Galileo also conducted an experiment through which he found that falling objects on earth fall with the same acceleration despite their mass. There were necessary conditions for this such as negligible air draft relative to the mass. In other words, if an elephant and an earthworm jumped from the same floor of a building in vacuum, they’d both hit the ground at the same time. He made these observations but never could derive the mathematics for the same and hence, he could never really understand the mysterious ways in which the force that enabled this to happen functioned.
Do you think human imagination could have fathomed an idea so vast as that of infinite stars in the sky if Galileo never made his model of the telescope?
Fortunate Casualty
Newton was an English physicist and mathematician. He was thoroughly intrigued by this mysterious force that lead Kepler to theorize his planetary laws and which Galileo discovered influenced falling objects on earth. To Newton, Math was the language of the cosmos and using the same he started deducing this seemingly magical force that shaped and formed everything in the universe from the moving planets in the solar system to apples falling off of trees on earth. Newton was the one to remove the last doubts about the heliocentric model of the solar system when he formulated his laws of motion and universal gravity. Gravity changed everything. We now started realizing that our existence wasn’t planned like we thought it was but in fact the reason we were in a position to contemplate existence itself was because all the forces in the cosmos had somehow managed to coherently form the perfect conditions for our being. Our existence was only, a fortunate casualty.
How did knowing that our existence was a mere accident change things?
Begin Being
Albert Einstein was a German physicist. He thought a lot about how we came to be. He liked the idea of an infinite, static universe and philosophically believed that the universe had no beginning and no end, that it was eternal. Einstein had a whacky theory, one that seemed like it was right out of a science fiction film. He believed that the two of the primary entities that are inherent to all of us, space and time aren’t two at all. They weren’t distinct, but were one, Spacetime. He claimed that Spacetime was the fabric of the universe. Everything we knew of was crafted within it.

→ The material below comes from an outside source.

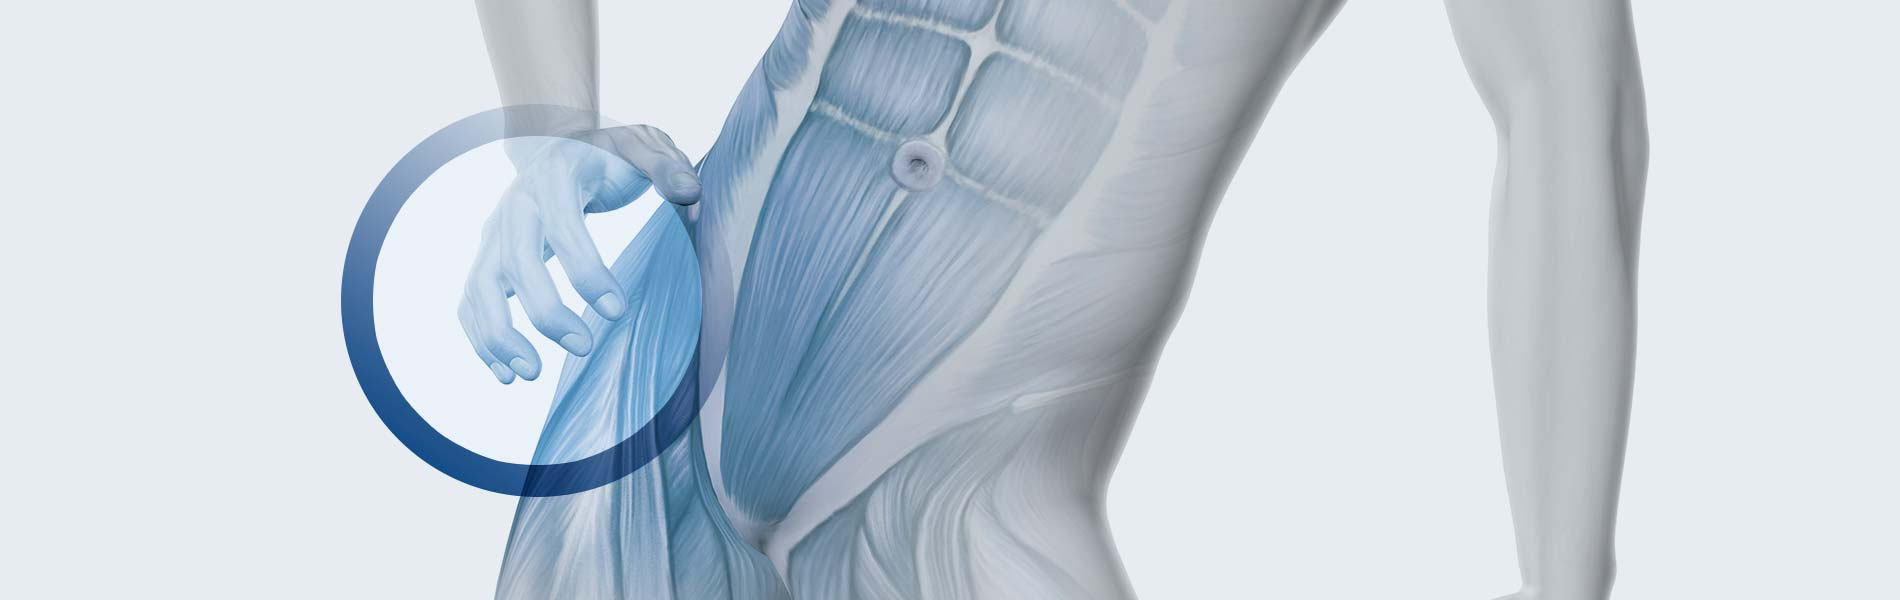 Total Hip Replacement Surgery Procedure

Moreover, he realized that gravity worked because matter that every form is constituted of, influenced Spacetime.
Einstein’s revelations conflicted his beliefs. They suggested that the universe was not static but expanding. This implied that there indeed was a beginning and an end. Einstein lead us to that moment in creation when our being, began. We live in Einstein’s world, that of Spacetime. What if we knew more about it than we do today? How would it change what we think about it?
Some Hindus have an elephant to show. No one here has ever seen an elephant. They bring it at night to a dark room. One by one, we go in the dark and come out saying how we experience the animal. One of us happens to touch the trunk. A water-pipe kind of creature. Another, the ear. A very strong, always moving back and forth, fan-animal. Another, the leg. I find it still, like a column on a temple. Another touches the curved back. A leathery throne. Another the cleverest, feels the tusk. A rounded sword made of porcelain. He is proud of his description. Each of us touches one place and understands the whole that way. The palm and the fingers feeling in the dark are how the senses explore the reality of the elephant. If each of us held a candle there, and if we went in together, we could see it.